Ne güzel yağmur yağıyordu öyle. Yağmur neyse de rüzgarda her esişin de deli bir ayaz getiriyordu. Oysa dün ilk maaşımı almış, bugünde annemi ve kardeşimi gezmeye götürmeye niyetlenmiştim.
Nasip değilmiş deyip odama geçtim. Vakit geçmek bilmiyordu. Evde kalışımı değerlendireyim diye kitaplığımı boşaltıp temizledikten sonra yeniden dizmiş ve ortalığı toparladıktan sonra bilgisayarın başına geçip bir şeylerle uğraşmaya başlamıştım. Yağmur ve şimşeğin azametine dayanamayan elektrikler gidince öylece kalakaldım. Dün ne güzel hava vardı diye içerledim, günlük güneşlik... Fakat yağmurun ardı sıra bir gökkuşağı ve sonra; ... ilkbahar bu olsa gerekti. Üzerimi değiştirip çıkmaya hazırlanırken telefonum çaldı. Arayan sözlümün iş arkadaşı Tuğbaydı. ?Yasemin rahatsızlandı, acil hastaneye getirdik? dedi nefes nefese. Elim ayağım birbirine dolanmıştı. Hangi hastane bile olduğunu sormadan kapattım telefonu, apar topar evden ayrılıp hastanenin yolunu tuttum.

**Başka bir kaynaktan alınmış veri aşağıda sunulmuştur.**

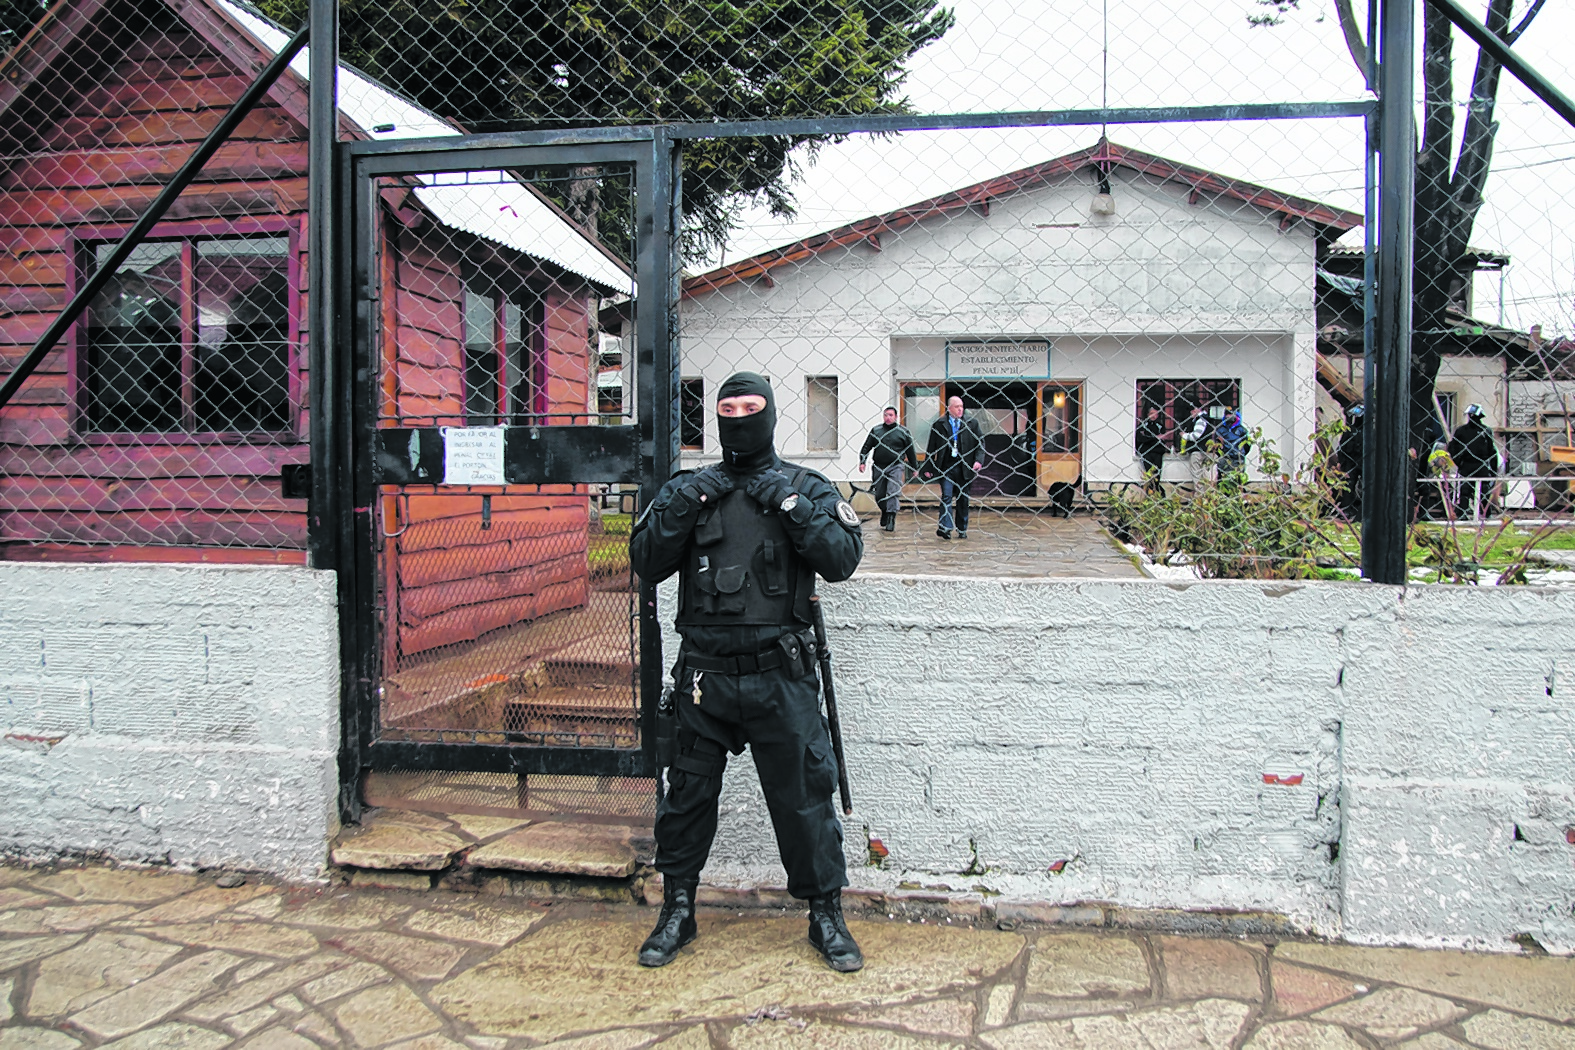 Como la sentencia quedó firme, el hombre condenado fue detenido y enviado a la cárcel de Bariloche a cumplir la pena. (Foto de archivo)

Doktor kesinlikle görüşmeme müsaade etmiyordu, çıldıracak gibiydim. Rahatsızlığı neydi, neden görmeme müsaade edilmiyordu. Koridorda bir o yana bir bu yana dolanırken Tuba ile göz göze geldik. Bir şeyler gizlemeye çalışıyor gibiydi ve tedirgin... Kolundan sertçe tutarak gözüme ilişen ilk koltuğa oturttum.
_ Allah aşkına söyle Tuba, ne oldu nedir bu olan?
Tuba gözlerime manalı manalı bakıyor ve sanki ben söyleyemem ne olur bakışlarımdan anla diyordu.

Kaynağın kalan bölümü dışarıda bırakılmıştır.